Из этого духа начальницы общины и вышло то множество, которое злилось на о. Василия Садовского за его милостиво отношение ко всем *.
* Следует отметить, что в первый год начальствования Ксении (1796 г.) из 52 бывших здесь сестер ушли 40, затем постепенно стали пополняться, очевидно, уже в духе Ксении.
Св. Серафим учил своих любимых мельничных сестер противоположному ксениевскому. Всё было иначе, начиная с продолжительности молитвы и проповеди веселья; и это учение, конечно, не только для Дивеевских избранниц, но и для многих других.

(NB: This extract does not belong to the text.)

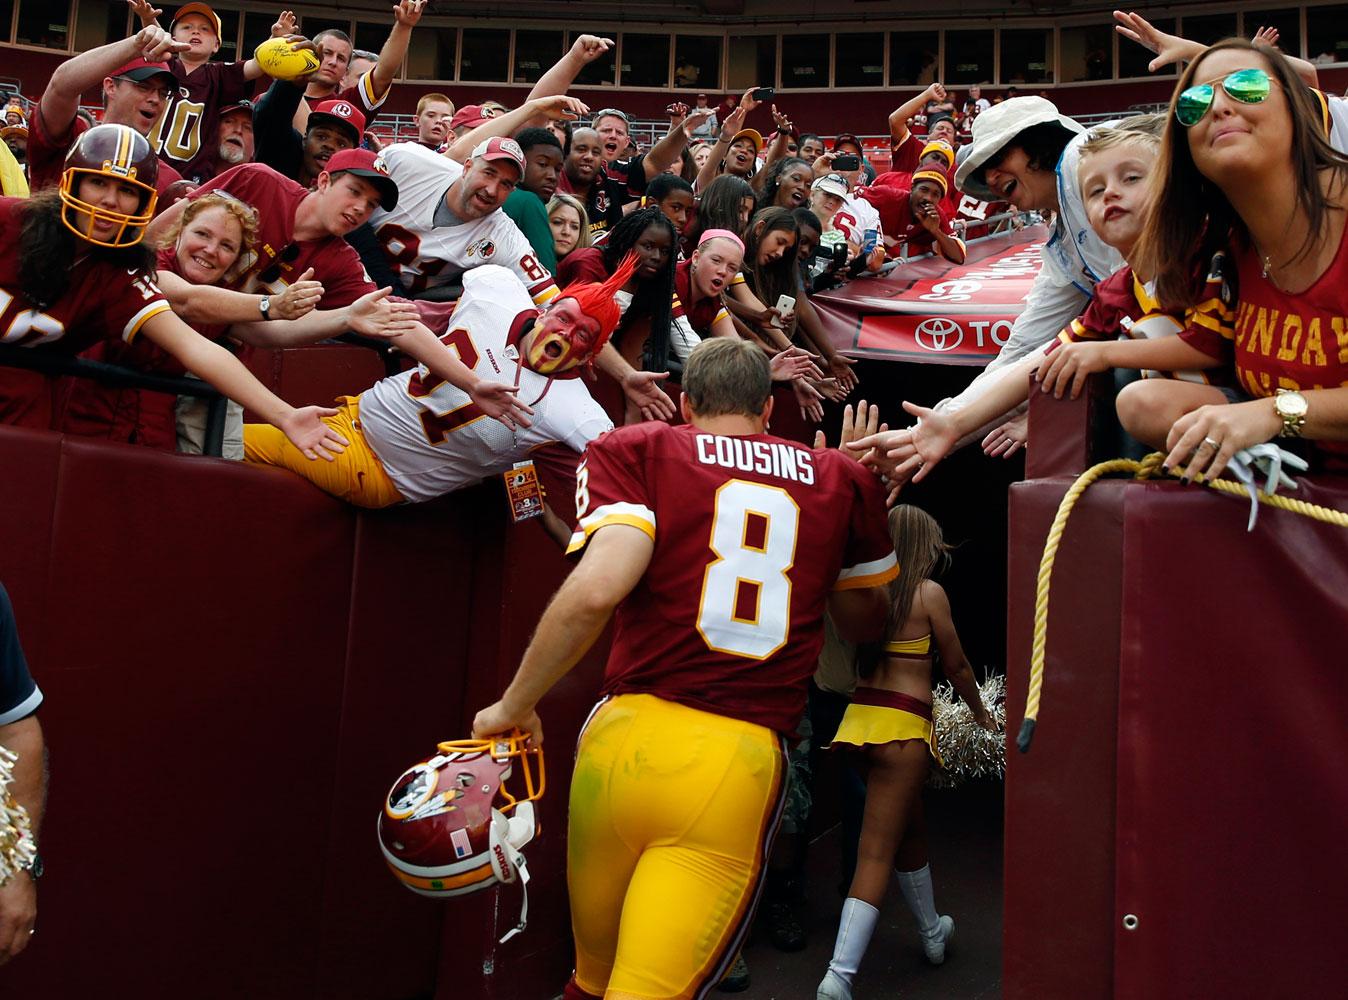 The Redskins' budding quarterback controversy

Св. Серафим спрашивает: “Молишься ли ты, радость моя? – Ах, батюшка, уж какая молитва-то, грешница, иной раз и времени нет”.

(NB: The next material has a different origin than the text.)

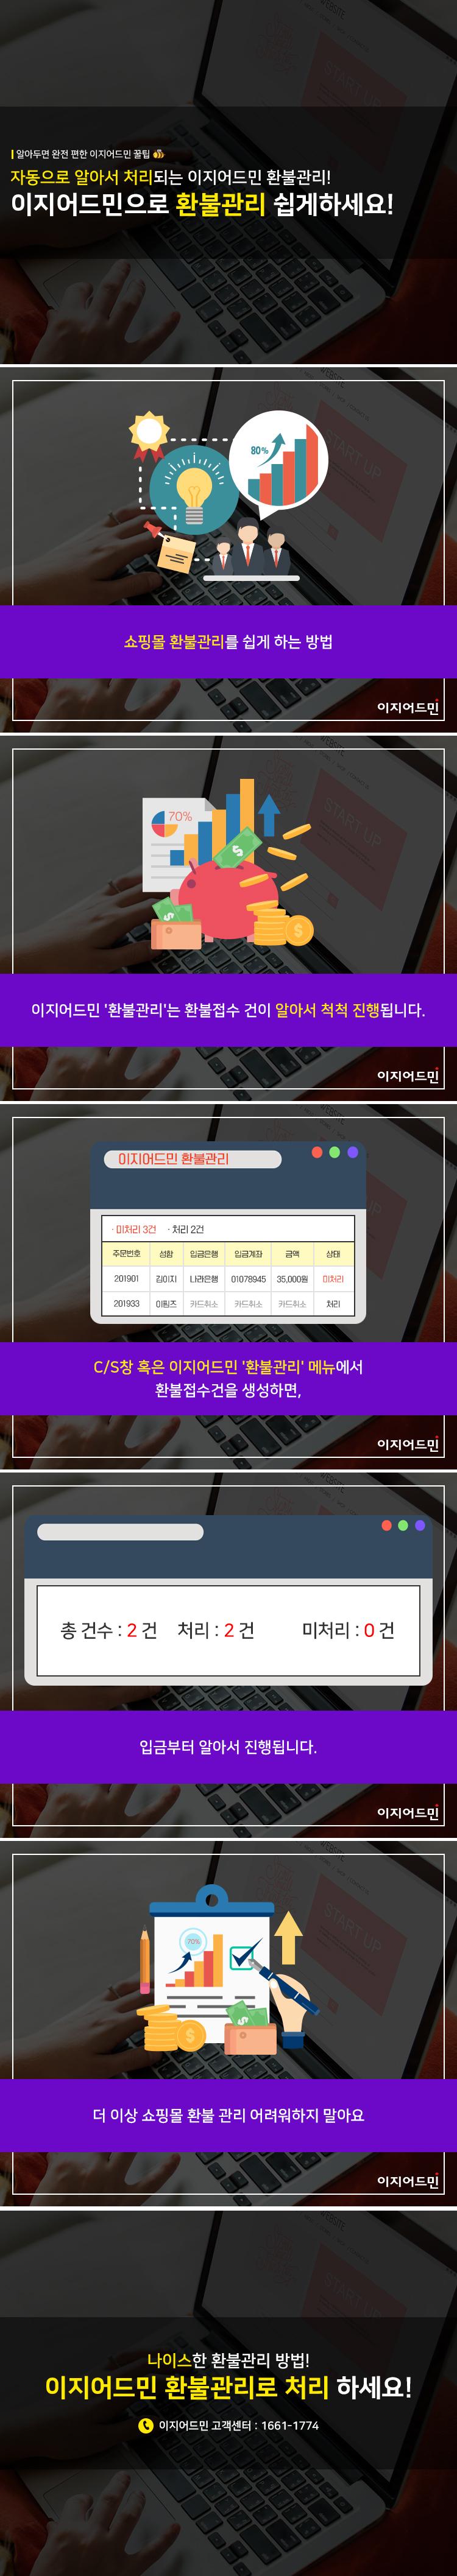 0123_환불관리_카드뉴스

– Это ничего, – сказал батюшка, – ты этим не огорчайся, есть время – исполняй всё и молись, а если нет, то ты, радость моя, только правильце мое прочти утром (правило необычайно краткое), среди дня, да и на ночь, даже можешь походя, на работе. А если нельзя, ну так, как Бог тебе поможет. Только вот поклоны-то Спасителя и Божией Матери уж хоть как-нибудь, а исполняй.
Кто об этом свидетельствует? Не какая-нибудь посторонняя, очень занятая женщина, случайно пришедшая к святому, а любимейшая его мельничная сестра Ксения Путкова*, одна из тех сестер, про которых летопись Дивеевская, говорит, что они были необычайно праведные и простые (те именно, которых духом породил св. Серафим).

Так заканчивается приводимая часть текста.